A new survey from Piper Sandler, released on Tuesday, has revealed that American teens are not showing much interest in virtual reality. The investment firm found that out of the teens polled, only 4% of VR headset owners used their device daily, and 14% used it weekly, despite 29% of teens owning a VR device. This indicates a lack of enthusiasm for the technology, especially compared to the 87% of teens who own iPhones.

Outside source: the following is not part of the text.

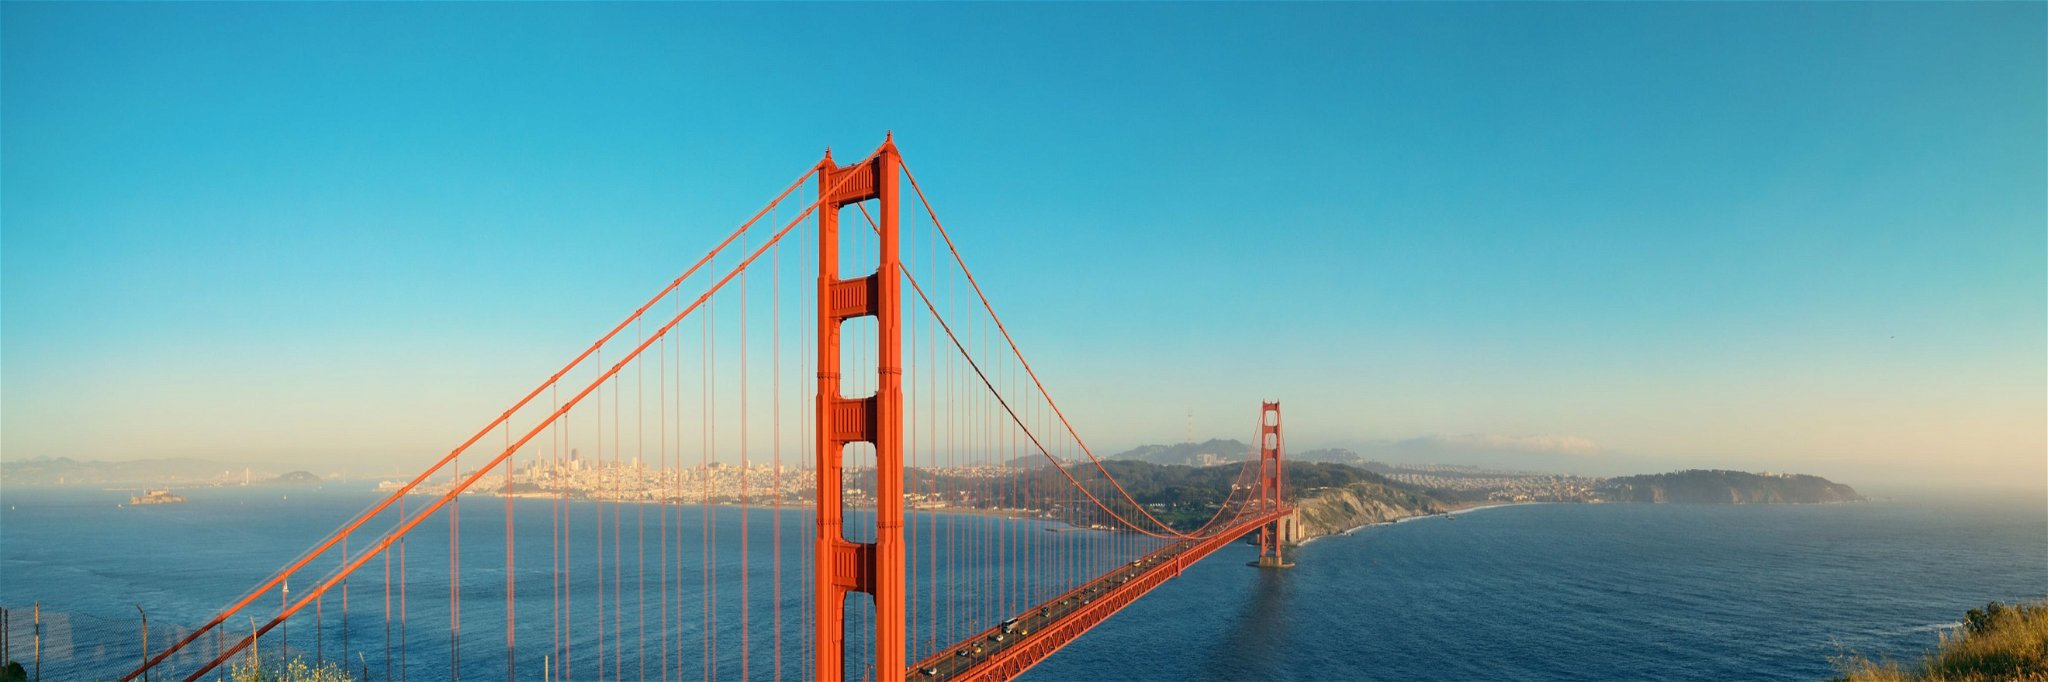 Stunning view of the Golden Gate bridge

Furthermore, the survey showed that teenagers are not particularly keen on purchasing forthcoming VR headsets, with only 7% saying they planned to buy one. In contrast, 52% of teens polled were unsure or uninterested in buying a headset. These results suggest that virtual reality hardware and software have yet to gain significant popularity with the public, despite billions of dollars of investment from Big Tech companies and the availability of several low-cost headsets on the market.
According to Piper Sandler analysts, the tepid usage of VR by American teens indicates that VR remains in its “early days” and that these devices are not as essential as smartphones. Given that teenagers are often seen as early adopters of new technology, their preferences could show where the industry is heading.
“To us, the lukewarm usage demonstrates that VR remains ‘early days’ and that these devices are less important than smartphones,” Piper Sandler analysts wrote.
The survey also highlights the challenge VR faces as Apple reportedly prepares to announce its headset as soon as this year. The survey suggests that Apple may face an uphill battle in convincing potential customers to adopt its technology. Facebook parent Meta is also expected to release new virtual reality headsets later this year. Although its Quest 2 headset was the market leader in terms of sales in 2020, shipments reportedly declined last year, according to analysts.
Piper Sandler’s teen study surveyed over 5,600 teens in the US in February.